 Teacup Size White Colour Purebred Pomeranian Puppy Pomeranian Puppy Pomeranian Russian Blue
...
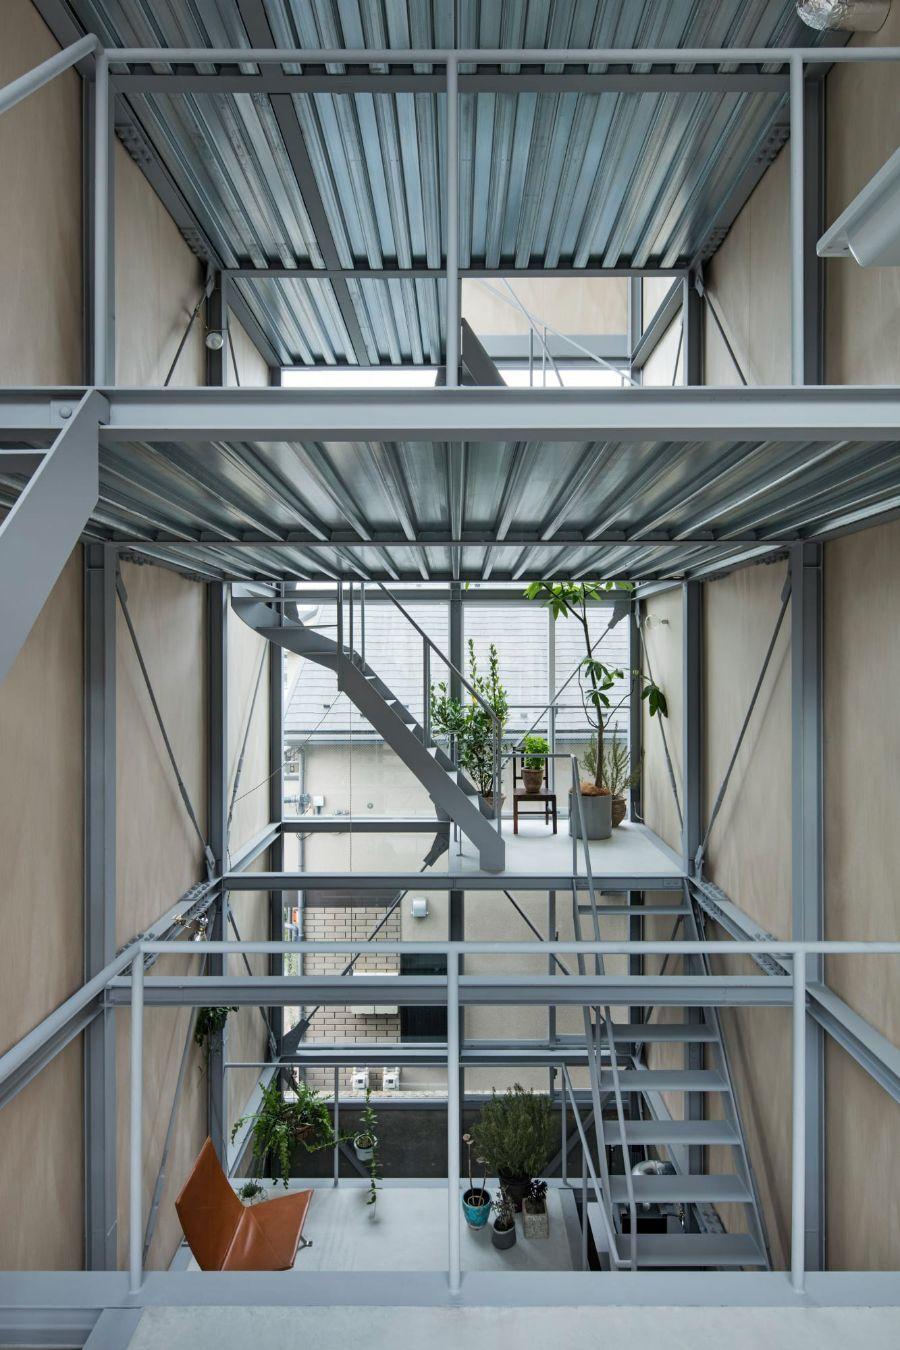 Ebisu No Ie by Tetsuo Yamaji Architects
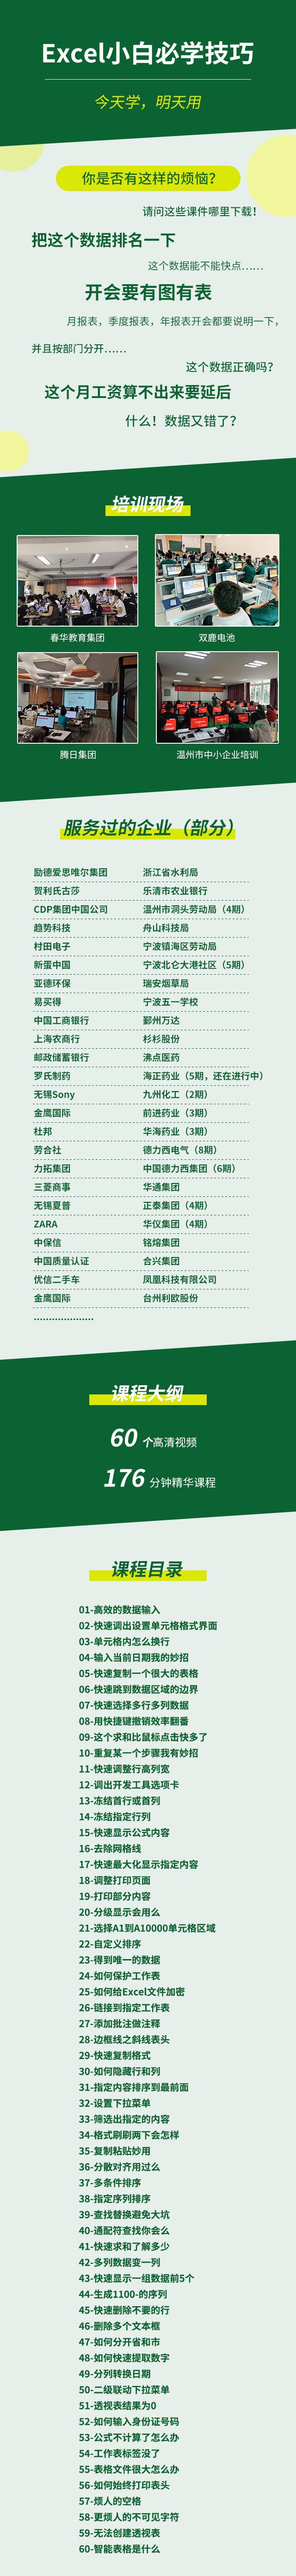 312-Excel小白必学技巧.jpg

▸ Action item
Exactly the lines above, from the one containing "Ebisu No Ie by Tetsuo Yamaji Architects" down to the one containing "312-Excel小白必学技巧.jpg", are to be repeated, including both ends. Pictures are not part of the copy.

▸ Your solution
 Ebisu No Ie by Tetsuo Yamaji Architects
 312-Excel小白必学技巧.jpg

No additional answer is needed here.